The floor of the chamber was lined with thick carpets. Half of it was taken up with cushions and low tables for those who preferred the traditional way of sitting on the floor to read. The other half had tables with mismatched stools and chairs. She indicated the shelves nearest the entry. “A full
kangyar,
” she explained in a reverent tone, meaning the 108 volumes of the Buddhist scripture, “and the
tangyar,
” she added, referring to the 225 volumes of learned commentary. “And our Lotus book,” she added, gesturing to a table on which several modern hand-bound journals lay. It was the chronicle of Tibetan suffering, kept secretly at
gompas
and temples all over Tibet. “Twelve thousand pages so far.”

They gazed for a moment in silence at these, the most sacred volumes of all, then with a cry of delight, Lokesh darted toward the commentaries. “Tsongkhapa!” he called out as he uncovered the first book he pulled from the shelf, then turned and fixed Shan with the expectant gaze of a teacher.

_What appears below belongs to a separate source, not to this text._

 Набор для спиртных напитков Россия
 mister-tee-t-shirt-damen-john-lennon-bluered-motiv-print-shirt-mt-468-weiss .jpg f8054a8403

Shan grinned, recognizing the prompt to recite the words of the ancient master. “‘A human body and the encounter with the teaching are frequently not obtained. But now we have them.'”

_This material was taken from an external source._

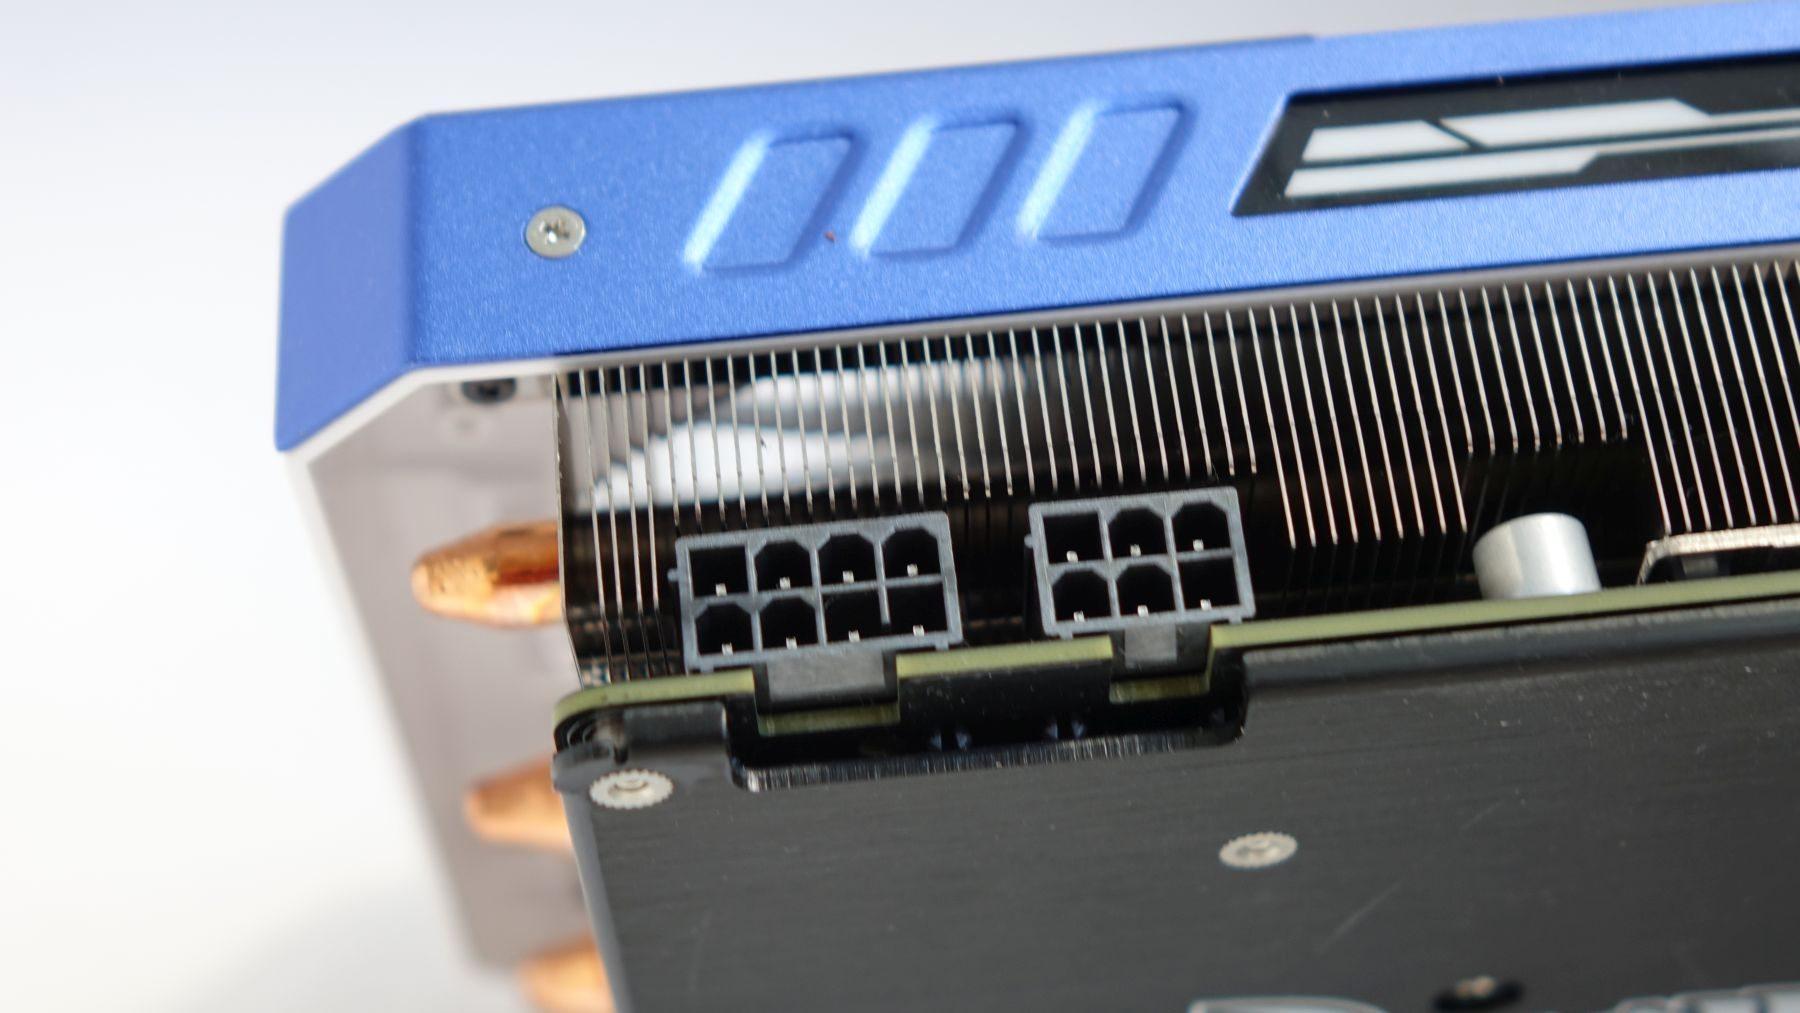 Palit GeForce GTX 1080 GameRock Premium Edition power

“Now we have them!” Lokesh repeated, laughing as he gestured to the packed shelves.

“I am afraid we may be here for hours,” Shan said to Dawa.

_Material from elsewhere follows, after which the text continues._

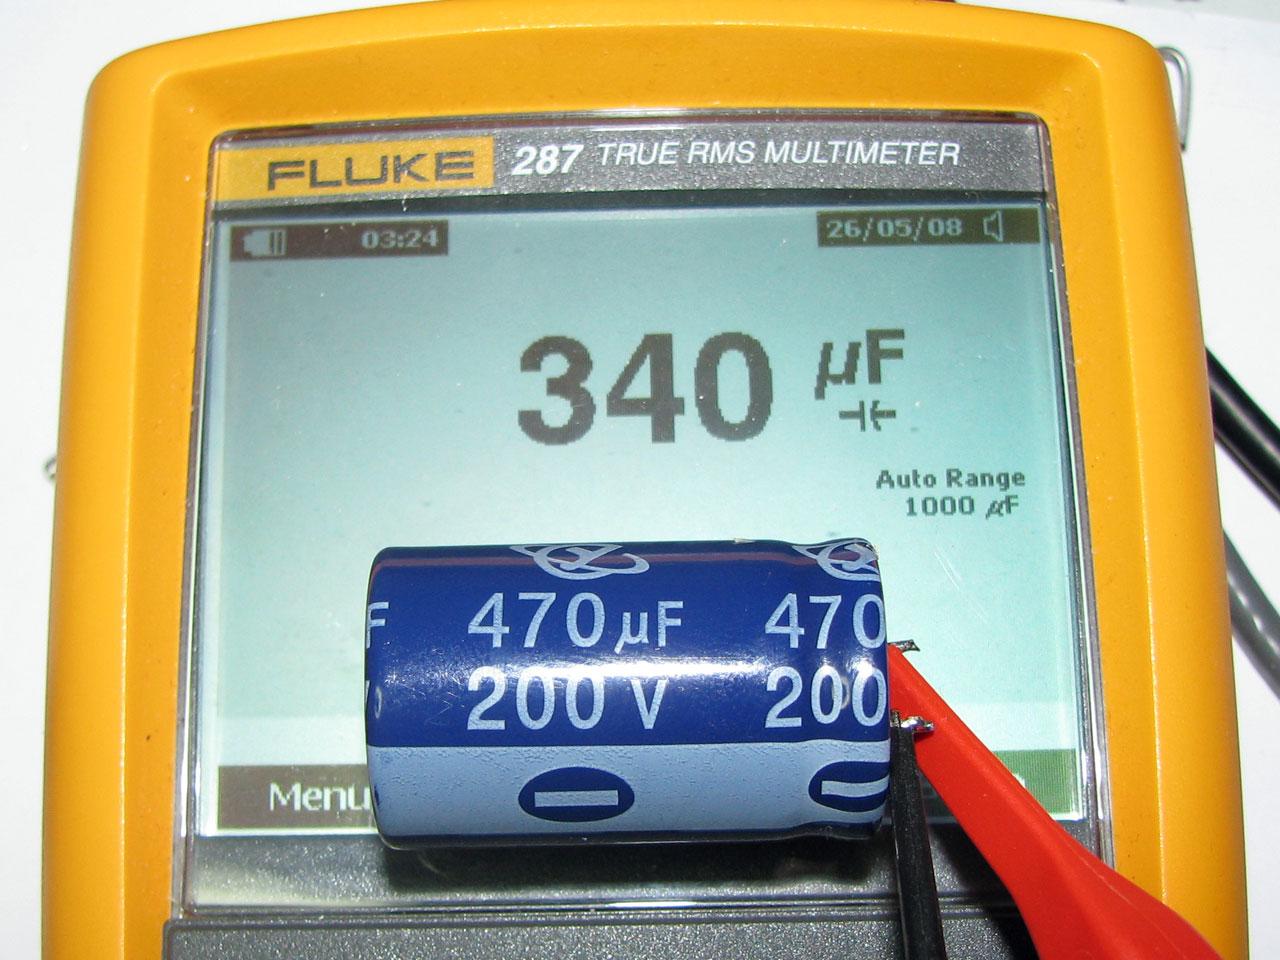 Canard pc hardware archives - Comment savoir si le courant passe avec un multimetre ...

The dissident leader grinned and retreated a step. “When you are done, your quarters are just four doors down the hall. Your packs are in there. Nothing elegant. Straw pallets and yak-hair blankets.”

“No better place to spend a night in all of Tibet,” Shan replied gratefully, and turned toward the shadows at the rear of the chamber.

He pulled book after book from the shelves, losing all track of time as he immersed himself not in the teachings but in the books of poems, songs, and chronicles of everyday life in ancient monasteries and convents. A group of herders made a six-month pilgrimage after all the sheep in their salt caravan had suddenly died. A yeti took up living with an old lama hermit in a high mountain cave. A yak train was dispatched with fifty new volumes of scripture, a gift to the fifth Dalai Lama.

When he looked out the window, he could see moonlight on the valley floor. He rose, stretched, then lifted a candle lantern to explore the darkened end of the chamber. Lokesh was so engrossed in reading the
kangyar,
he did not take notice when Shan walked by. In the corner near the outside wall, the long rectangular shape of the room had been broken by an inset closet of more recent construction. Heavy timbers cordoned off the corner of the library. He lifted the iron door latch and stepped inside.

Traditional Tibet fell away. The room was packed with electronic equipment, including a generator that vented outside and a row of car batteries. He pulled the cord of a hanging bulb, and the room was suddenly bathed in electric light. On a central table, a metal frame held a sophisticated camera suspended over a
peche.
A small whiteboard laid along the top of the exposed page said
Volume 798, Page 45.
They were photographing the library collection. At the other end of the table was a ring binder filled with various pages, some of them plastic inserts with pockets for smaller items. Some pages were typed, others handwritten. As he leafed through it, he saw the grisly images of his nightmares, the photos of immolations, statements from eyewitnesses, singed death poems, and half of an identity card for Kyal Gyari, the herder whose file had been reviewed on Shan's first day in Zhongje. Unlike what he had seen at the Commission, here was the real chronicle of the immolations.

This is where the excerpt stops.